Many patients are fearful or anxious of their first sexual experience after treatment and can often begin a pattern of sexual avoidance. If the patient is concerned about sending mixed signals to his or her partner, this can lead to avoidance of general intimacy and touch. The partner may also contribute to the generalized avoidance of intimacy through his or her reluctance to initiate any behavior that may be perceived as pressure to be more intimate or may contribute to any potential physical discomfort from greater expression of physical intimacy. Providers need to reassure patients and their significant others that even when intercourse is difficult or impossible, their sex lives are not over. The couple can give and receive pleasure and satisfaction by expressing their love and intimacy with their hands, mouths, tongues, and lips. Providers should encourage the couple to express affection in alternative ways (e.g., hugging, kissing, nongenital touching) until they feel ready to resume sexual activity. The couple should be encouraged to communicate honest feelings, concerns, and preferences.

If a man cannot attain an erection firm enough for penetration, and/or if intercourse is painful for a woman, some couples may be willing to find alternative ways to bring each other to orgasm and express sexual intimacy. Sensate focus exercises of noncoital pleasuring,[1,2] based on principles of sensuous massage, give couples an experience of sexual expression that allows them to be physically close and intimate without pressure and anxiety that can be associated with anticipation of intercourse.
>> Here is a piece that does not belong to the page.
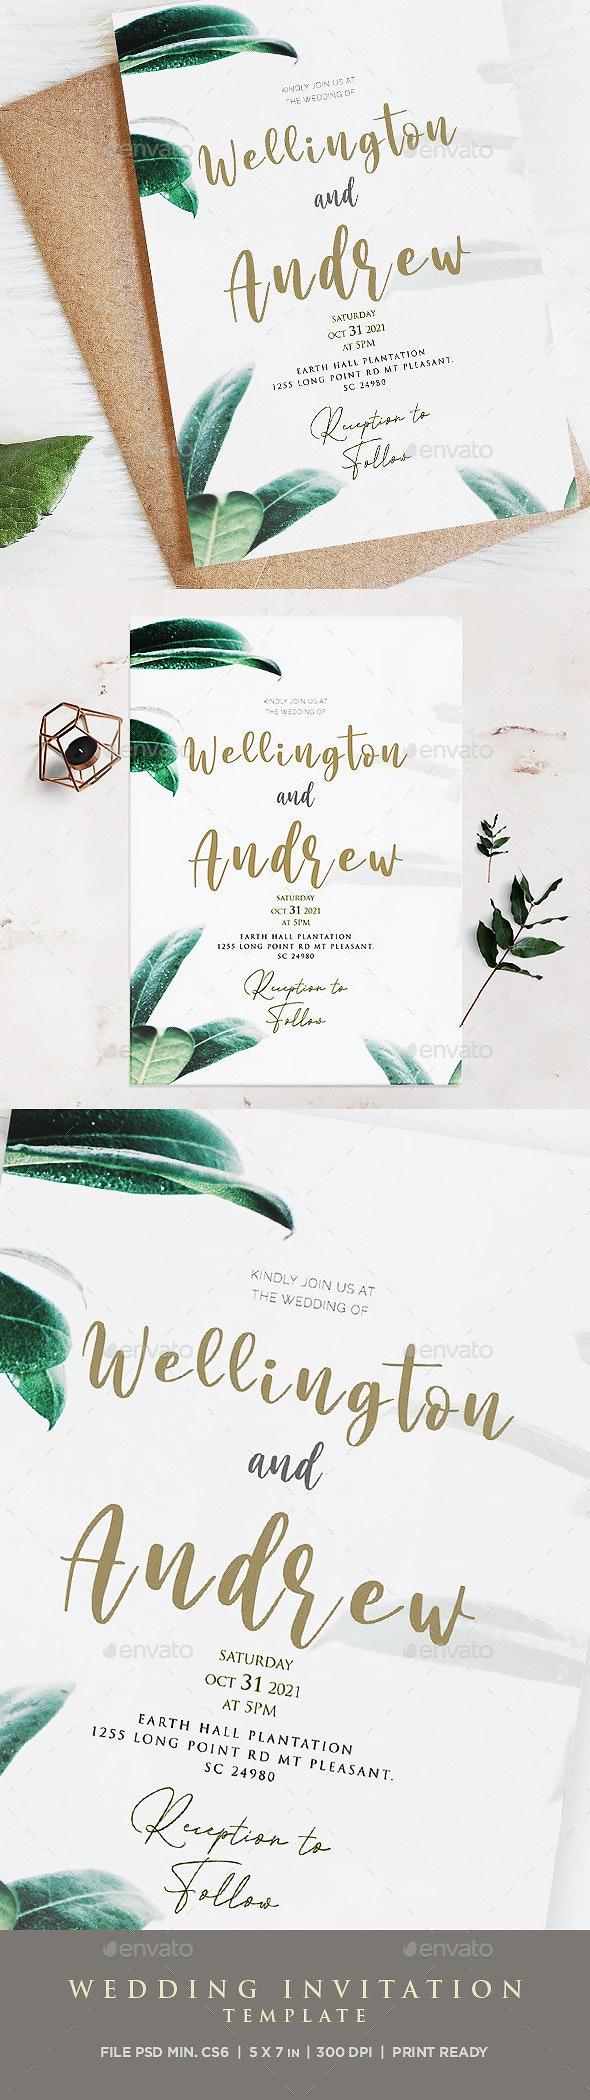 Greenery Wedding Eucalyptus Invitation - Weddings Cards & Invites

The structure and ground rules of sensate focus can help bypass performance anxiety (self-consciousness and self-evaluation) and enable the couple to lose themselves in the current experience of pleasurable touch. These exercises also help the couple communicate about potentially problematic or emotionally sensitive areas of the body. Providers should determine a couple’s openness to modification of their sexual technique.

As many patients will experience anticipatory anxiety about re-establishing sexual intimacy with their partner and potential uncertainty of their own sexual response, the potential advantages of self-stimulation can be explored. Self-stimulation has the advantage of allowing the individual to become comfortable with his/her sexual response and arousal without the added pressure of performance anxiety commonly heightened by concern for their partner’s pleasure, reactions, concerns, and/or fears. For many individuals, a cognitive reframing of masturbation to self-stimulation or self-pleasuring allows the individual to accept this activity as part of the process in sexual rehabilitation. For others, this behavior may still be a resilient and persistent taboo for cultural and religious reasons.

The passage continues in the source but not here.